Material for the task ::
:::
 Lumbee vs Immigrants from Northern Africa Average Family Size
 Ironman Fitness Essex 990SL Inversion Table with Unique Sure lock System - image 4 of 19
:::
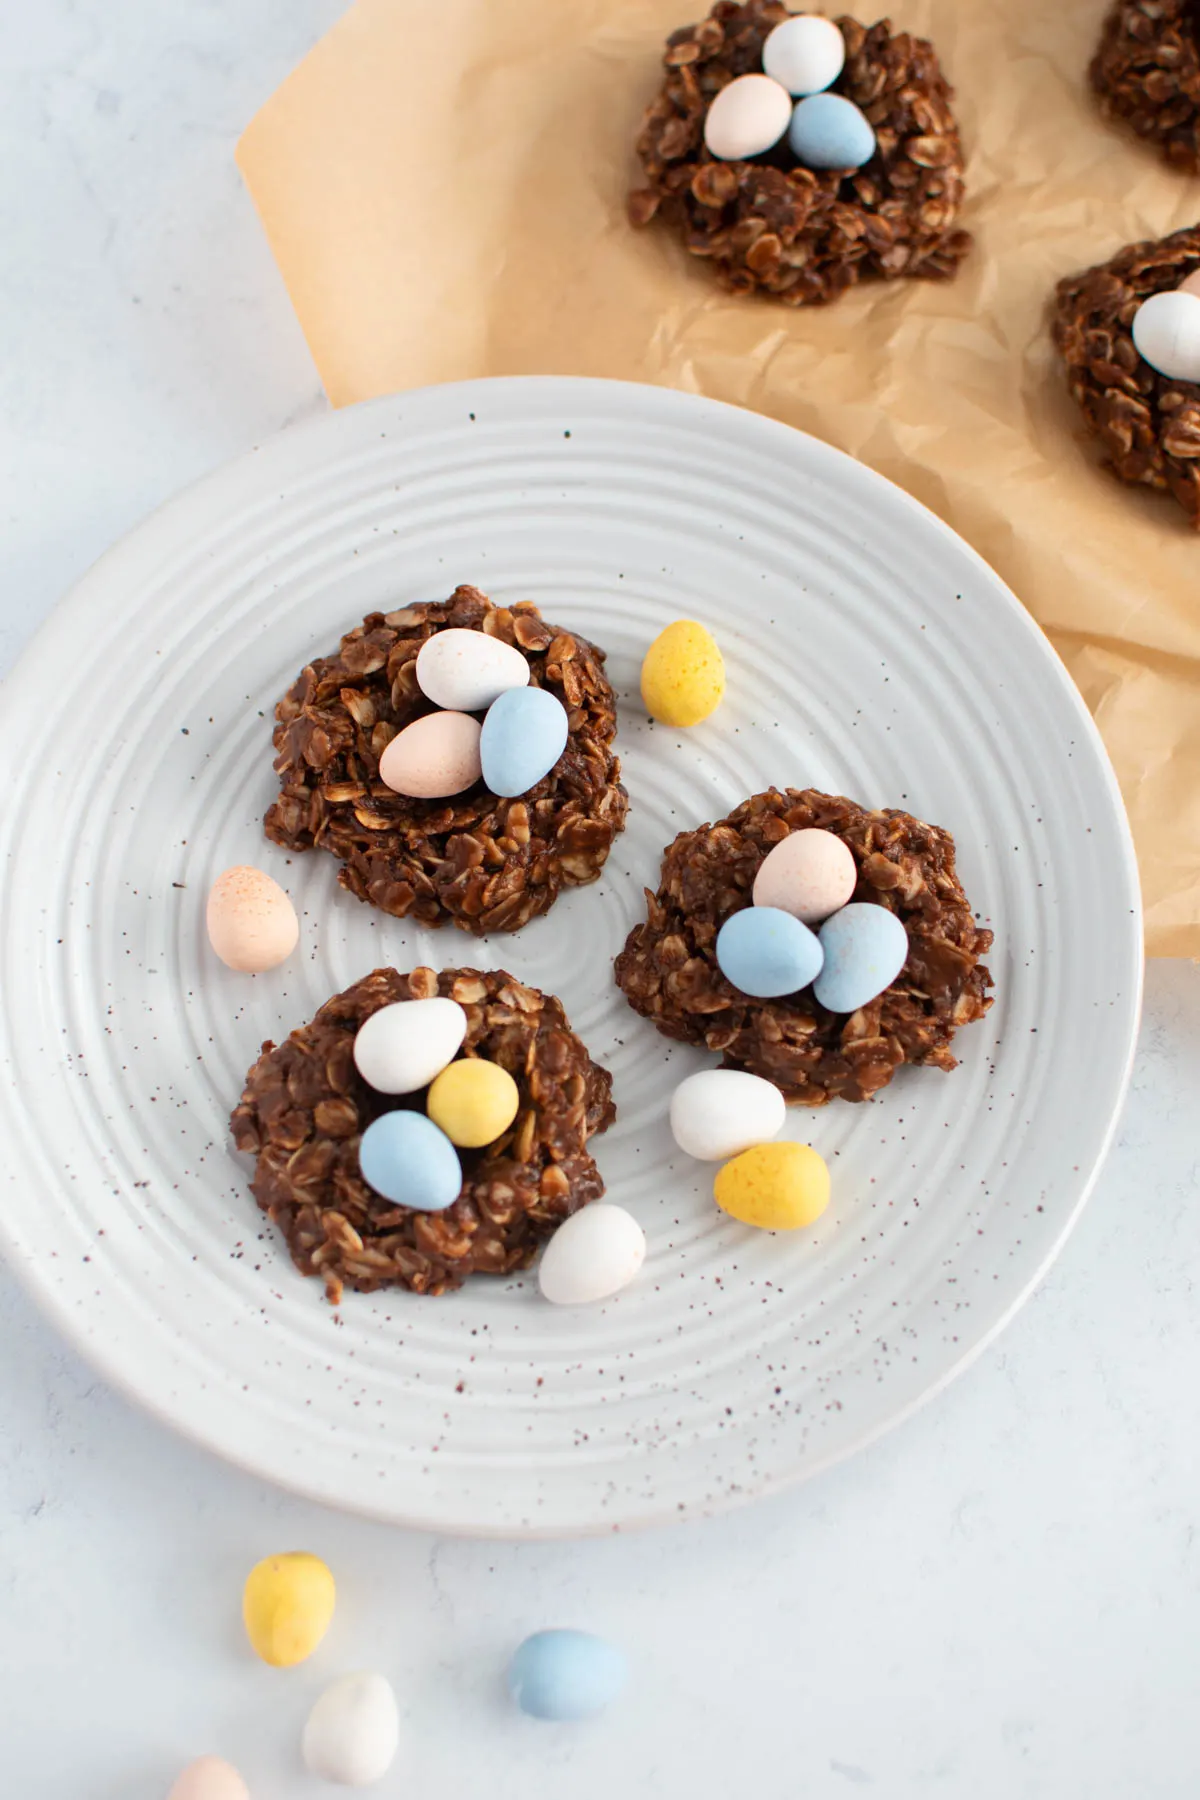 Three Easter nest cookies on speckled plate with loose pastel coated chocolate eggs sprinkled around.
:::
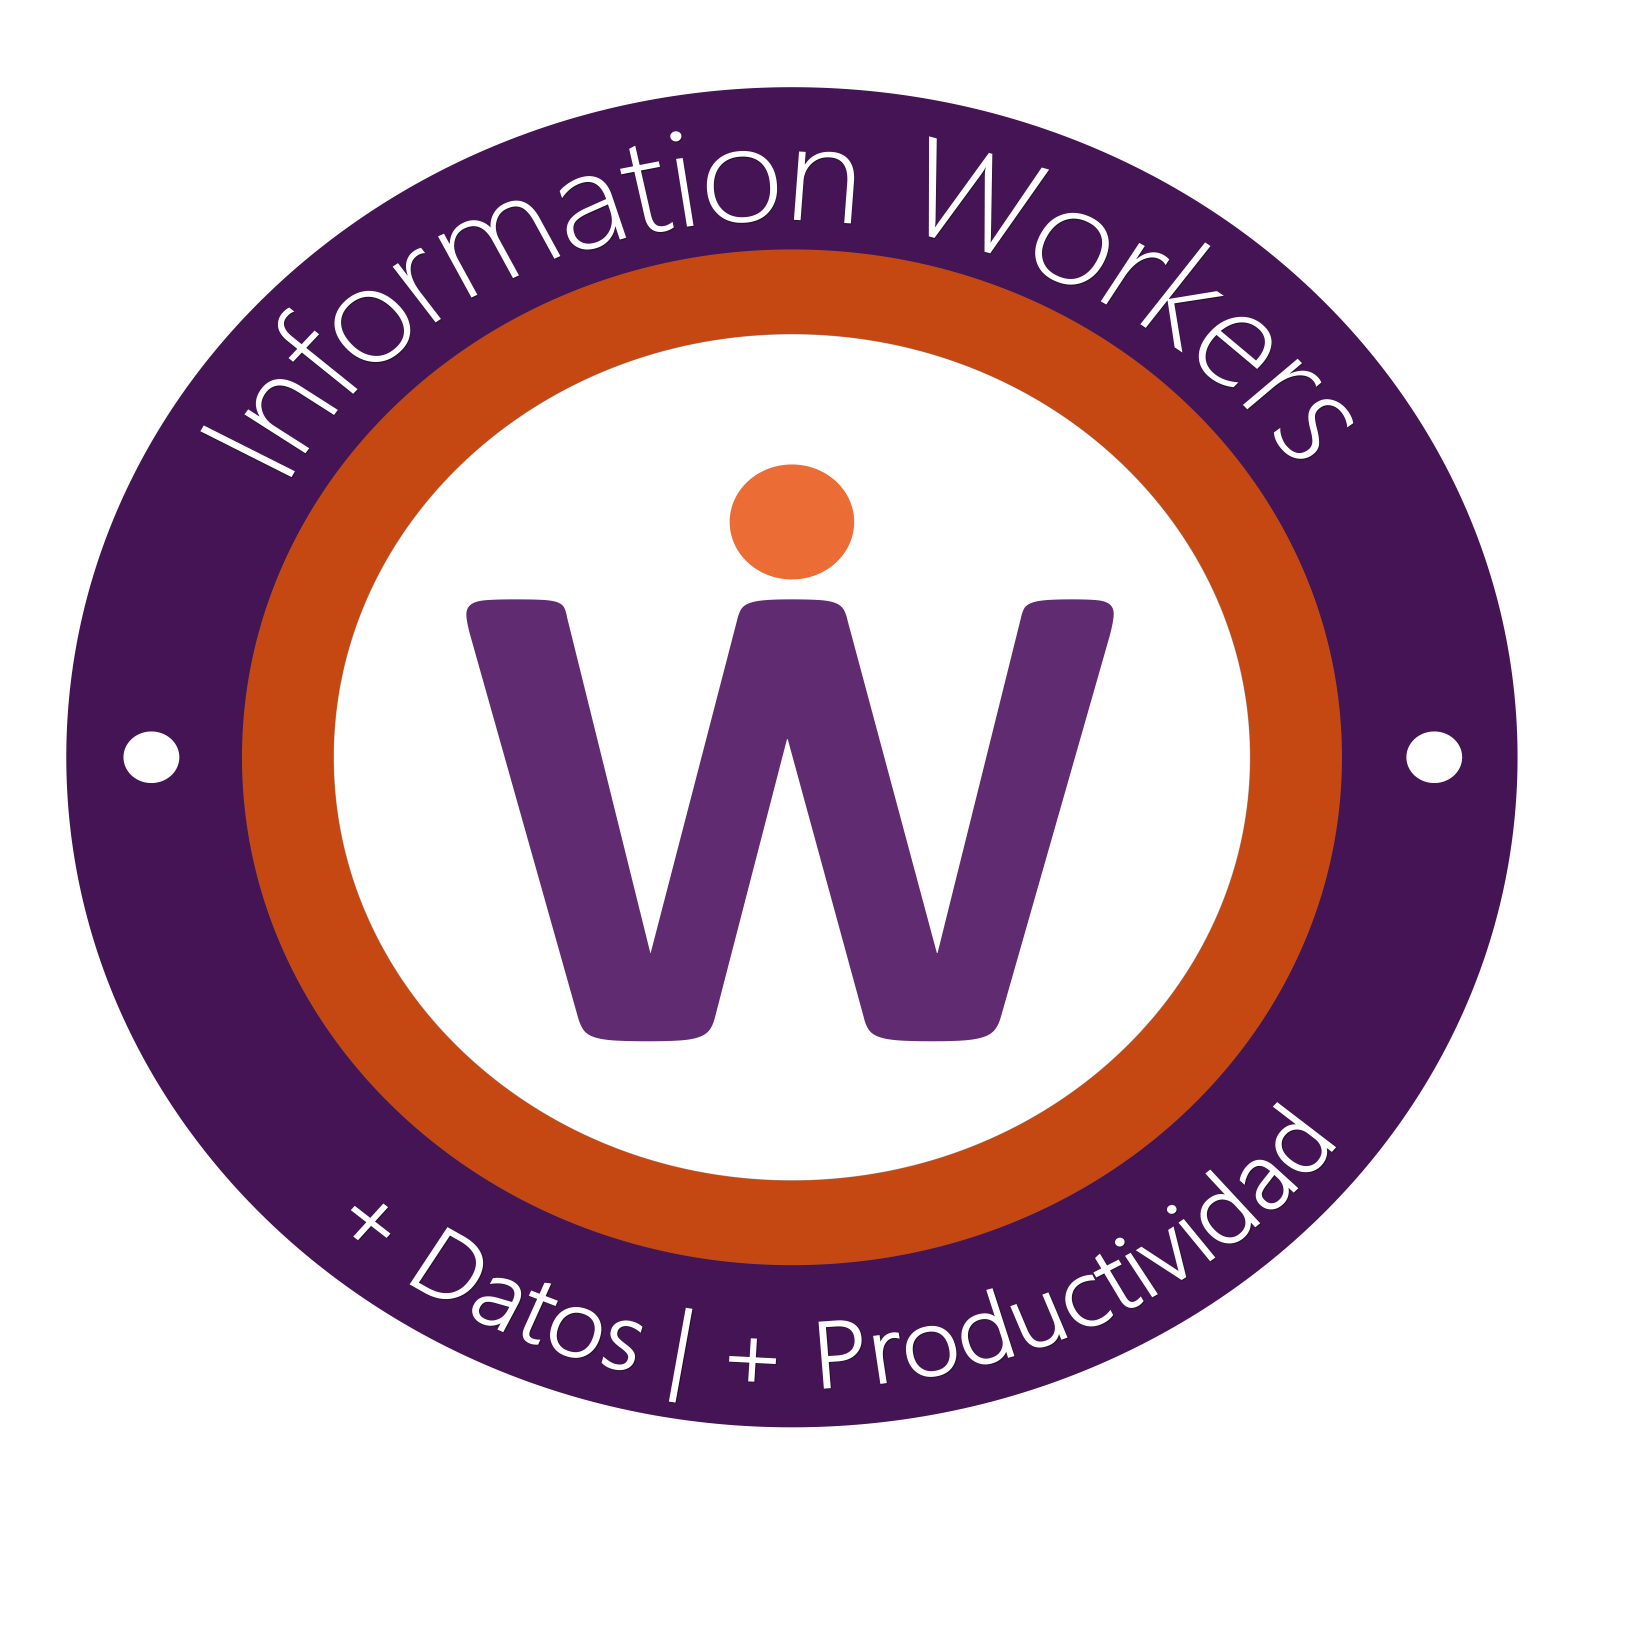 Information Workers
:::
What the exercise asks ::
From the material above, copy exactly the lines between the line holding "Lumbee vs Immigrants" and the line holding "Ironman Fitness Essex", inclusive, and only those.

Exercise output ::
 Lumbee vs Immigrants from Northern Africa Average Family Size
 Ironman Fitness Essex 990SL Inversion Table with Unique Sure lock System - image 4 of 19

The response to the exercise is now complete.